US Federal Reserve policymakers are showing that there’s plenty of hawkishness left in the tank to deal with hot inflation and surging labour costs.
Fed Fund futures contract prices show that the most probable outcome for interest rates are around 2.75% to 3.25% by the end of the year, likely to weigh on economic growth and sparking recession fears.
Flying under the radar is the Fed's plan to reign in its covid-inflated balance sheet and what this might mean for equity markets.
To support financial markets and the economy during the unprecedented pandemic, the Federal Reserve more than doubled its asset portfolio of mostly Treasury, federal debt and mortgage securities to US$9tn.
The move, known as “quantitative easing” would increase the availability of debt for home purchases and lower long-term interest rates to inject more life into the economy.
The massive balance sheet eventually needs to be normalised and breaking that news to the financial markets isn't easy.
In a Fed December 2018 meeting, Chairman Jerome Powell said that the quantitative tightening process was on "auto pilot" - triggering an equity market selloff as investors were concerned the Fed had shrunk its balance sheet too much.
Deflating the balance sheet influences interest rates, and can even disrupt the flow of credit when taken too far.
The normalising process can involve letting the bonds roll off at maturity, and greater shrinkage can achieved by actively selling them in the open market.
This time, officials have pointed towards another passive approach but at a bigger and faster pace.
“I expect the balance sheet to shrink considerably more rapidly than in the previous recovery, with significantly larger caps and a much shorter period to phase in the maximum caps compared with 2017–19,” said Federal Reserve governor Lael Brainard.

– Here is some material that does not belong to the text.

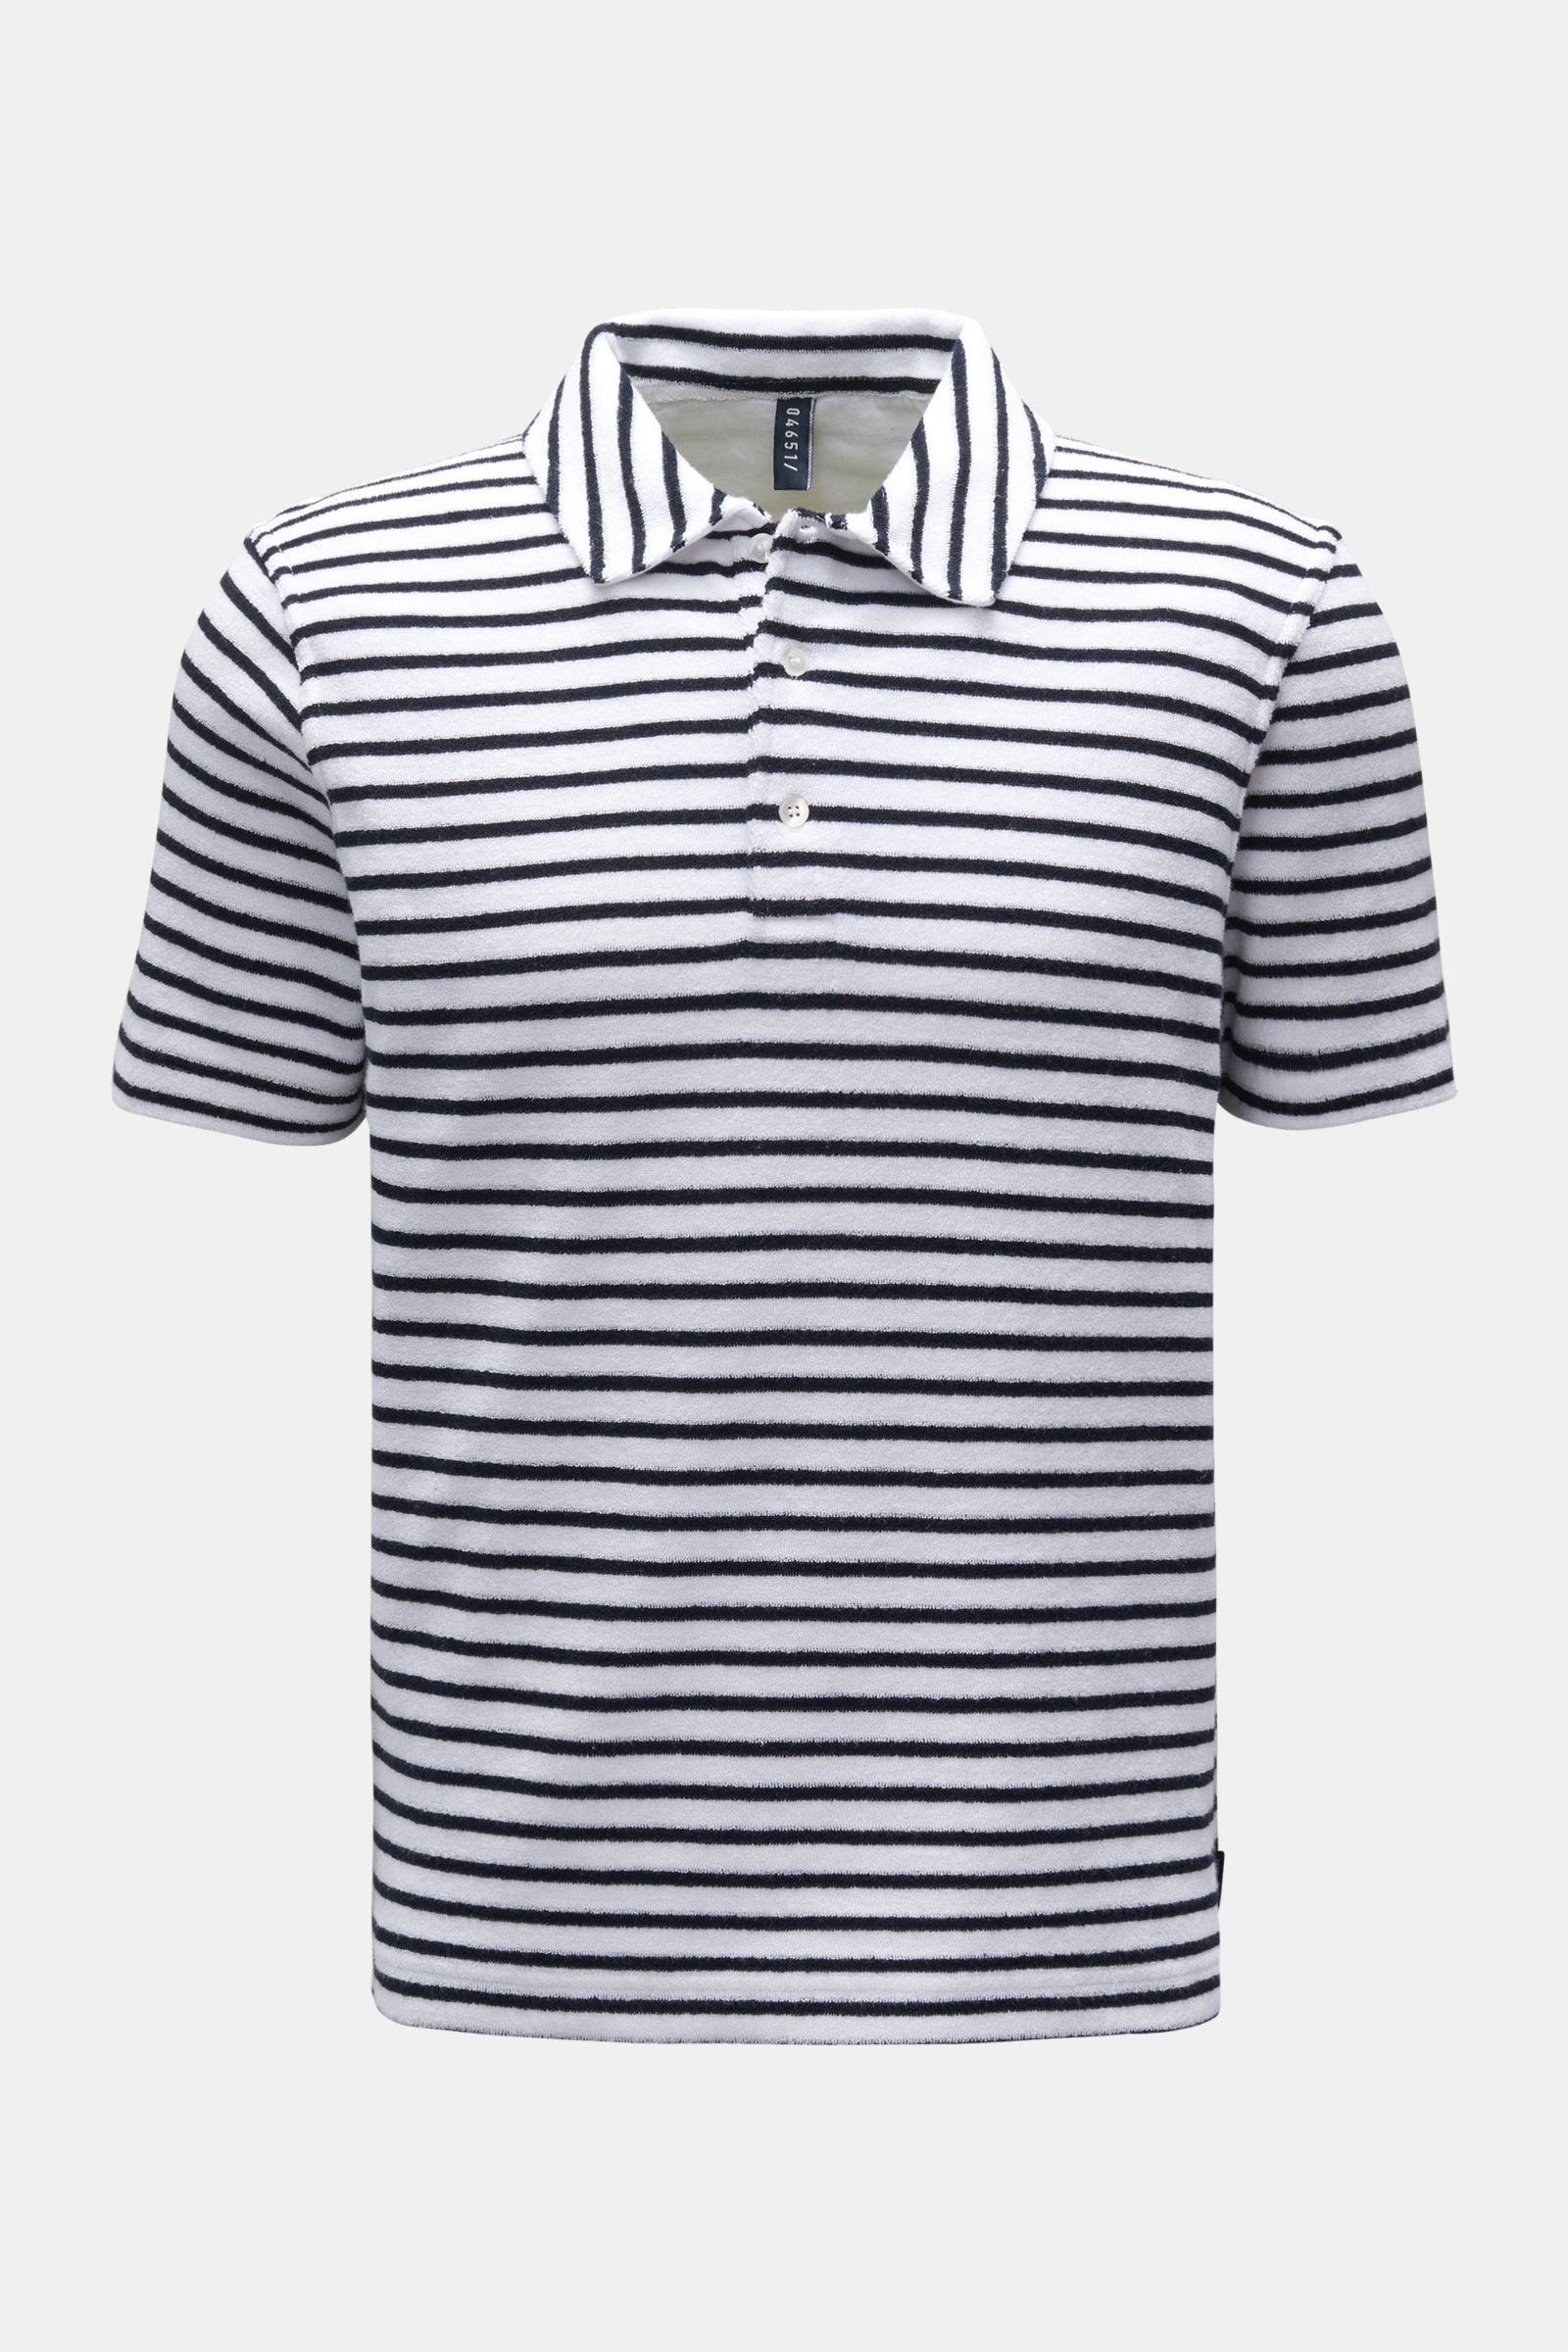 Terry polo shirt 'Terry Stripe Polo' navy/white striped

The passive redemptions, also known as runoff, is expected to kick off in May or June, at an indicative pace of US$95bn every month.
More details and commentary is expected at the Fed's meeting on Thursday, 5 May.
There's quite a bit of ambiguity as to what happens to the stock market when the fountain of Fed money runs dry.
A rather common view is that bountiful stimulus and ultra-low interest rates has pushed capital into speculative corners of the market like tech and cryptocurrency.
So what happens if the Fed begins to normalise such factors?
The Nasdaq is down -23.2% year-to-date, entering bear market territory. From a technical perspective, the Nasdaq has been able to respect the upper/lower bounds of its upward trend since 2016.
As the Fed doubled its balance sheet between March and June 2020, the Nasdaq pushed well beyond this channel.
The Fed has yet to normalise its balance sheet but it looks like the Nasdaq is already trying to price in the headwinds, reverting back to the top end of its previous channel.
Does this place the Nasdaq at further risk when the normalisation process kicks off?